The next three chapters examine the ways in which the sermons address lay congregations, dealing with the attempts of preachers to promote unity within their congregations and civic communities, with their strategies for explaining the Bible and Christian doctrine, and with the ways in which they attempted to counteract sin. Bailey argues that in all these areas a major concern was to create and maintain a sense of community, with the preachers emphasizing consensus, and stressing the unity between themselves and their congregations, rather than claiming a position of leadership (pp. 51–54). Similarly, Bailey characterizes their approach to scriptural exegesis as “controlled, [End Page 778] safe and simple” (p. 73), avoiding the discussion of difficult or potentially controversial passages. When addressing the issue of sin, the sermons avoid confrontation and denunciation: Bailey emphasizes again the ways in which they attempt to find consensus and to shift responsibility for addressing sin to members of the congregation by means of introspection and penance.

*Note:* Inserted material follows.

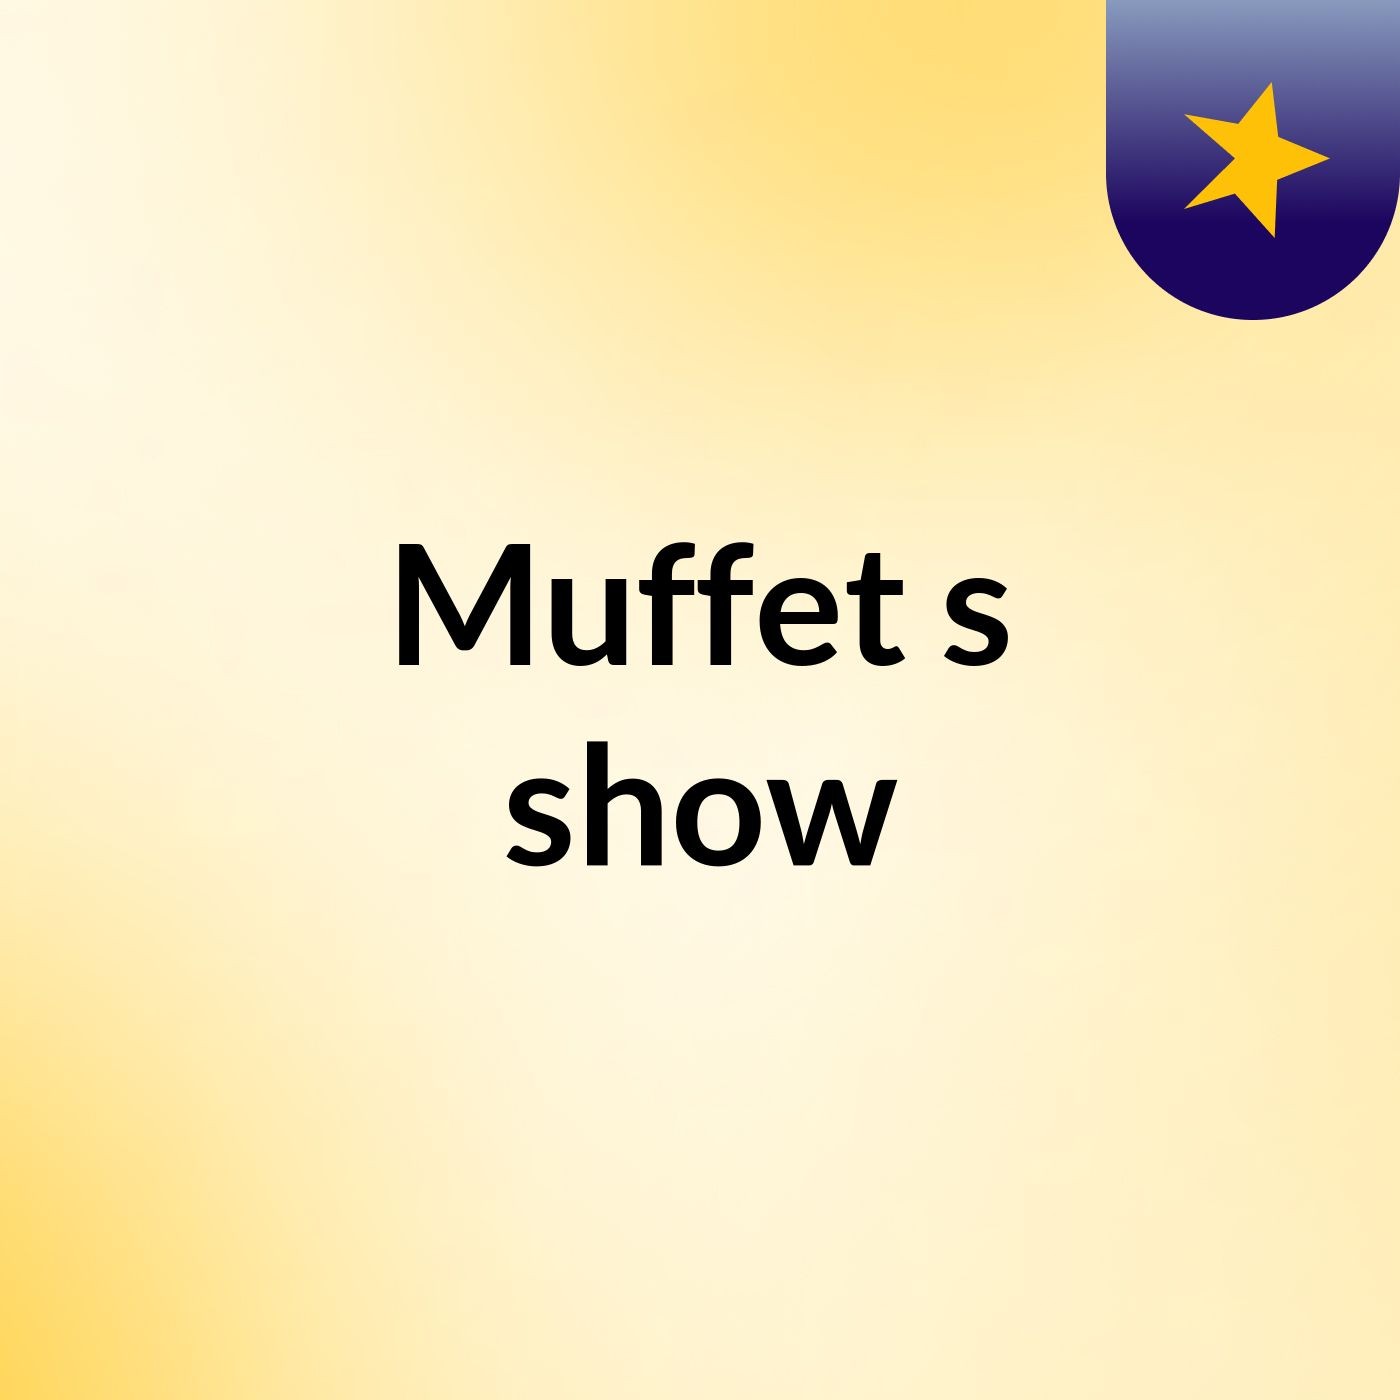 Muffet's show
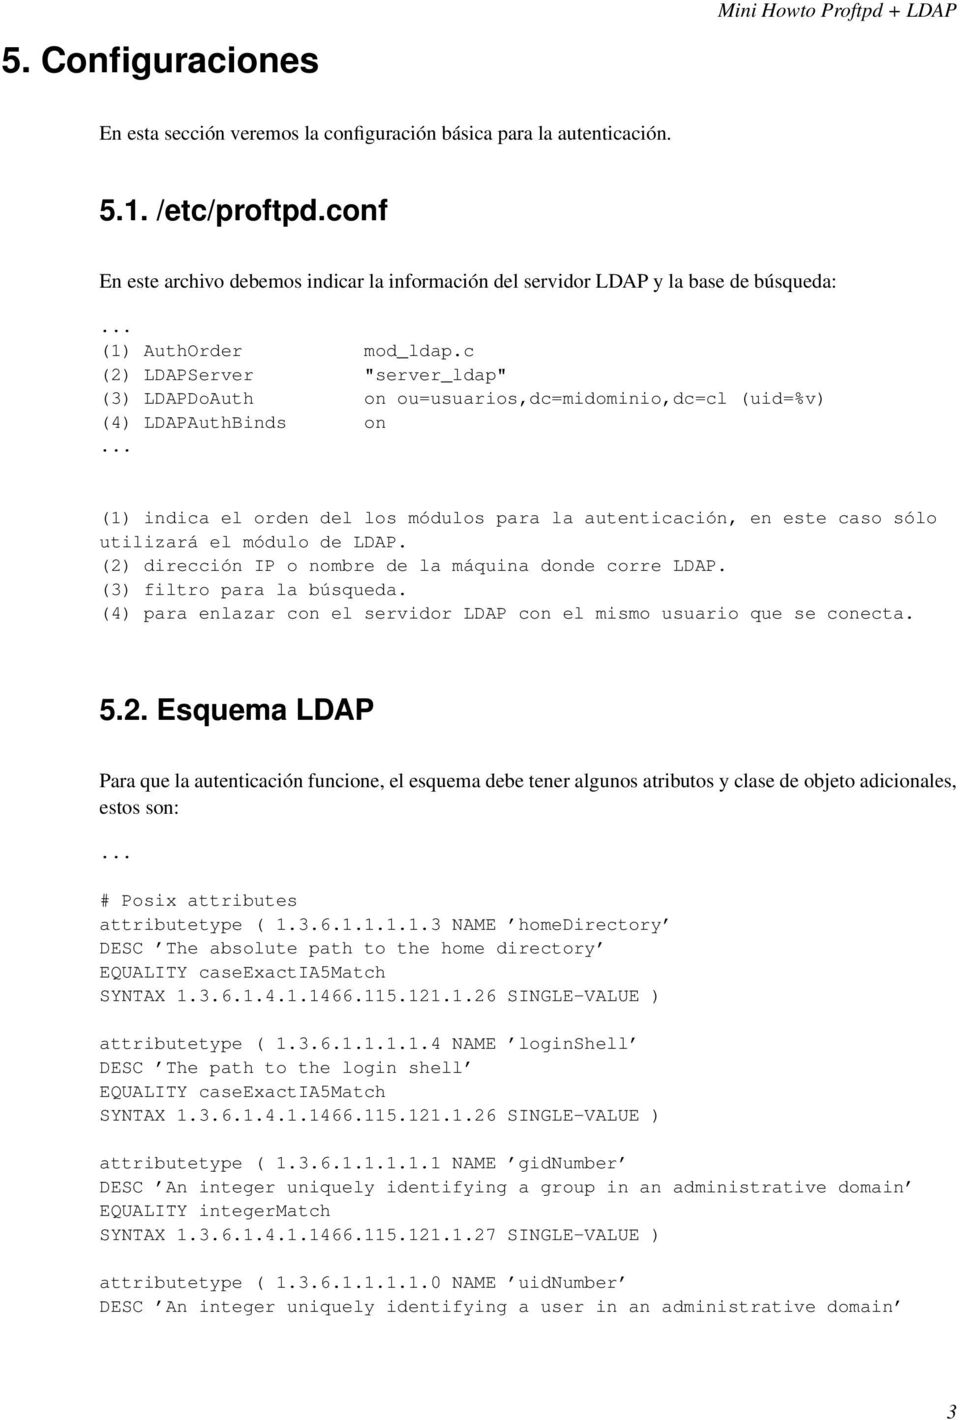 c (2) LDAPServer "server_ldap" (3) LDAPDoAuth on ou=usuarios,dc=midominio,dc=cl (uid=%v) (4) LDAPAuthBinds on (1) indica el orden del los módulos para la autenticación, en este caso sólo utilizará el

In her examination of the sermons addressed to monks (chapter 6), Bailey argues that these share most of the presuppositions of those addressed to lay congregations. As with sermons to the laity, the preachers stress their position within the congregation rather than above it. Any feeling of ascetic superiority is counteracted by emphasis on the greater demands which are made on ascetics because of their religious commitment and the consequent greater danger of failure (a position that owes much to St. John Cassian).

Throughout the book, Bailey illustrates her discussion with abundant translated quotations. She discusses points of comparison with other sermons from the period, focusing particularly on those of St. Augustine and, most of all, St. Caesarius of Arles, whose aggressive, confrontational stance is contrasted with the consensus-based approach of the Eusebius Gallicanus preachers. Simply by providing an exposition of such an important, but hitherto almost ignored, collection of texts, Bailey has provided a service to scholarship. However, her analysis of the sermons and of what they imply about Gallic Christianity, both in secular and monastic settings, is extremely convincing throughout. Her work is a significant expansion of our knowledge of Christianity in late-antique Gaul.